# Photo viewer should do automatic rotation



## spocko (Feb 4, 2009)

The HD Photos application should be smart enough to look at the EXIF data in a photo and automatically rotate it according to the orientation tag. Having to rotate the photos manually is tedious and slow.


----------



## wmcbrine (Aug 2, 2003)

pyTivo does this.

Note that HD Photos is an HME front-end to an HMO back-end. Normally that's TiVo Desktop, but you can pull out HD Photos and point it at pyTivo instead.


----------



## spocko (Feb 4, 2009)

Wmcbrine, thanks for the clarification! It hadn't occurred to me that the HMO server was responsible for automatic rotation. 

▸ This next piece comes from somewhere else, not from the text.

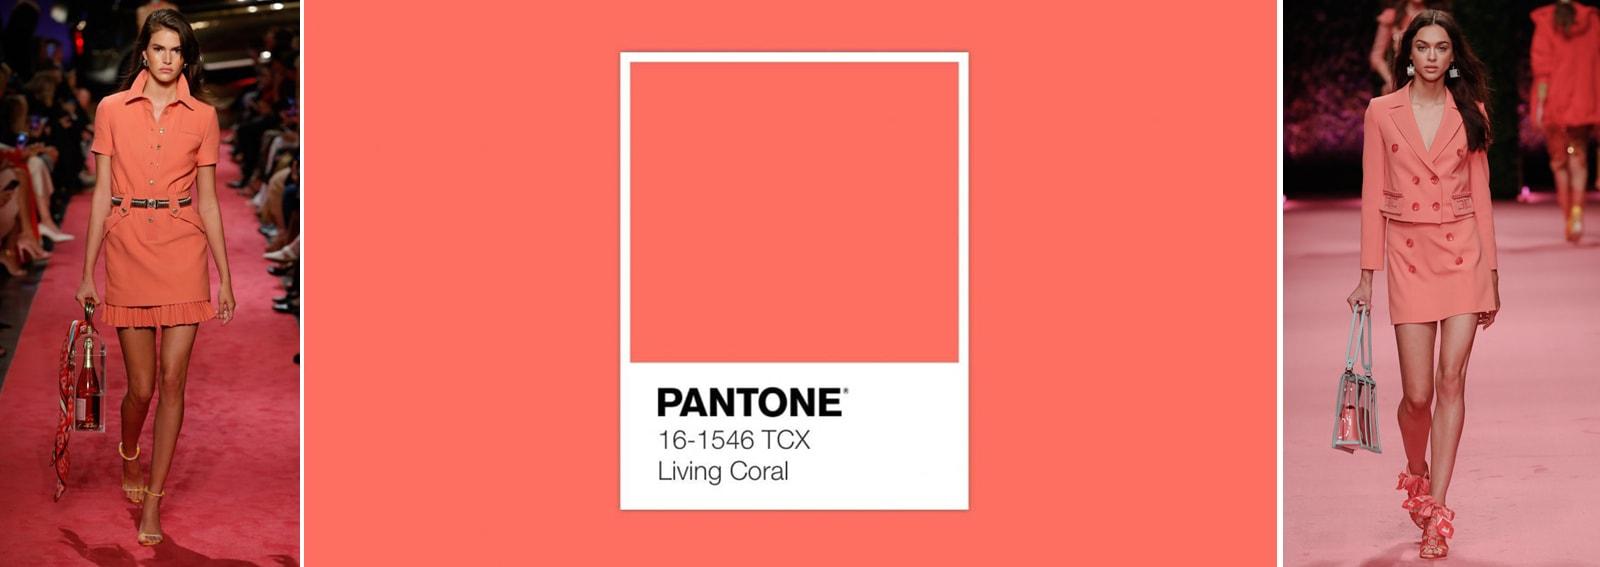 pantone-2019-DESK

I tested the standard SD photo app with pyTivo and HD Photos HME app with Tivo Desktop, and they both do automatic rotation just as I wished! 

When I noticed the lack of rotation, I was using the HD Photos app under Galleon. Galleon's own HME photo app doesn't get automatic rotation either. Apparently the Galleon HMO server is the piece that doesn't do automatic rotation. 

TiVo Inc., you guys are off the hook, I'm sorry for the false alarm.

Galleon, you guys are now on the hook, if you feel so inclined.


----------